*Activity*:
The lines below, from the one containing "Claude Debussy: Mélodies" through the one containing "Cucina bianca 5", should be set down exactly, with no pictures and nothing else.

*Supplied records*:
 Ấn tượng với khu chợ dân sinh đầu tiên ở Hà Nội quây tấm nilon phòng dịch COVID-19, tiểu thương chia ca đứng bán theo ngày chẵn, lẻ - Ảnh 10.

---

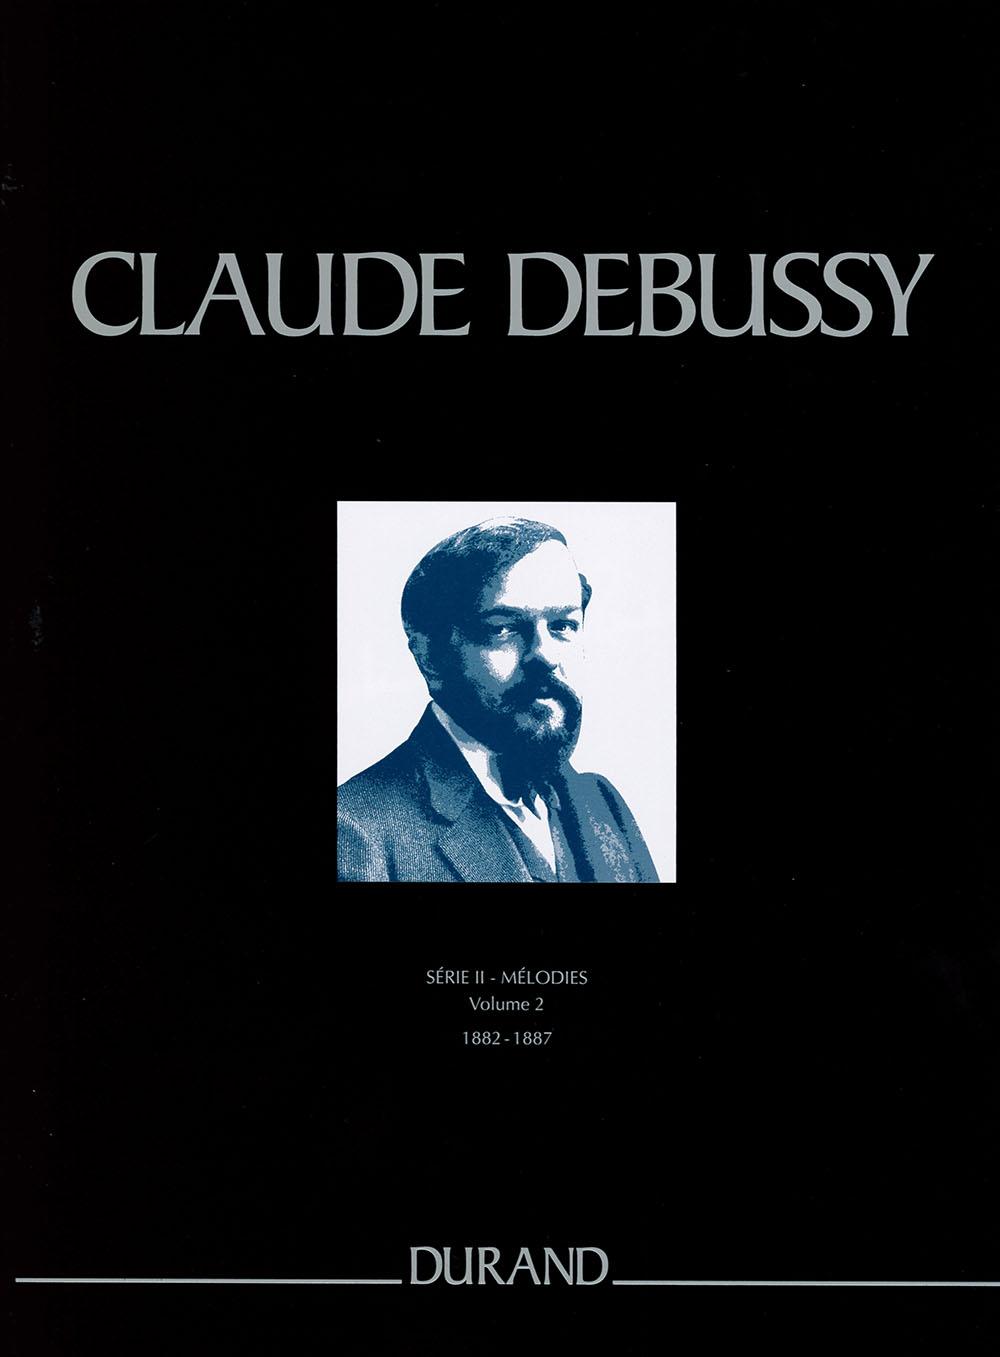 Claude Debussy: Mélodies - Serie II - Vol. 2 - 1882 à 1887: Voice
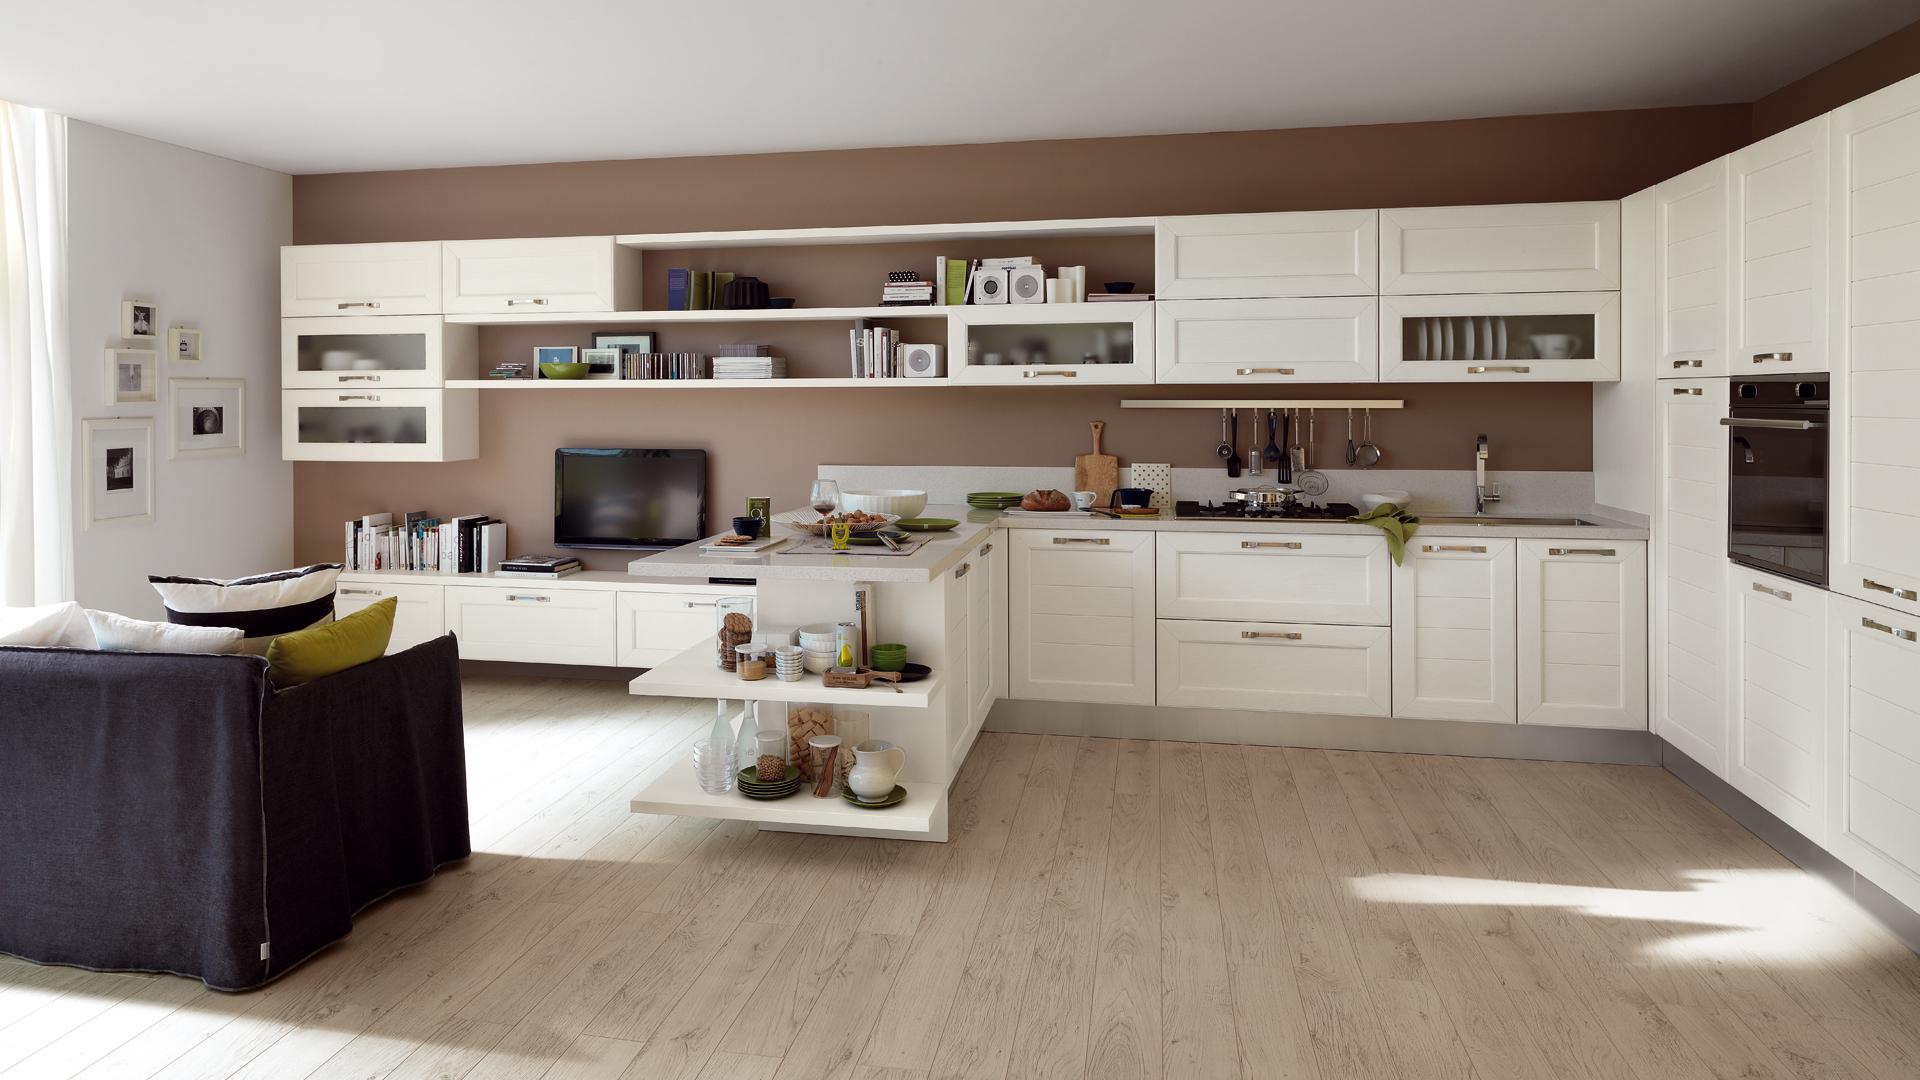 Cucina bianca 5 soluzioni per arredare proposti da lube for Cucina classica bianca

*Written reply*:
 Claude Debussy: Mélodies - Serie II - Vol. 2 - 1882 à 1887: Voice
 Cucina bianca 5 soluzioni per arredare proposti da lube for Cucina classica bianca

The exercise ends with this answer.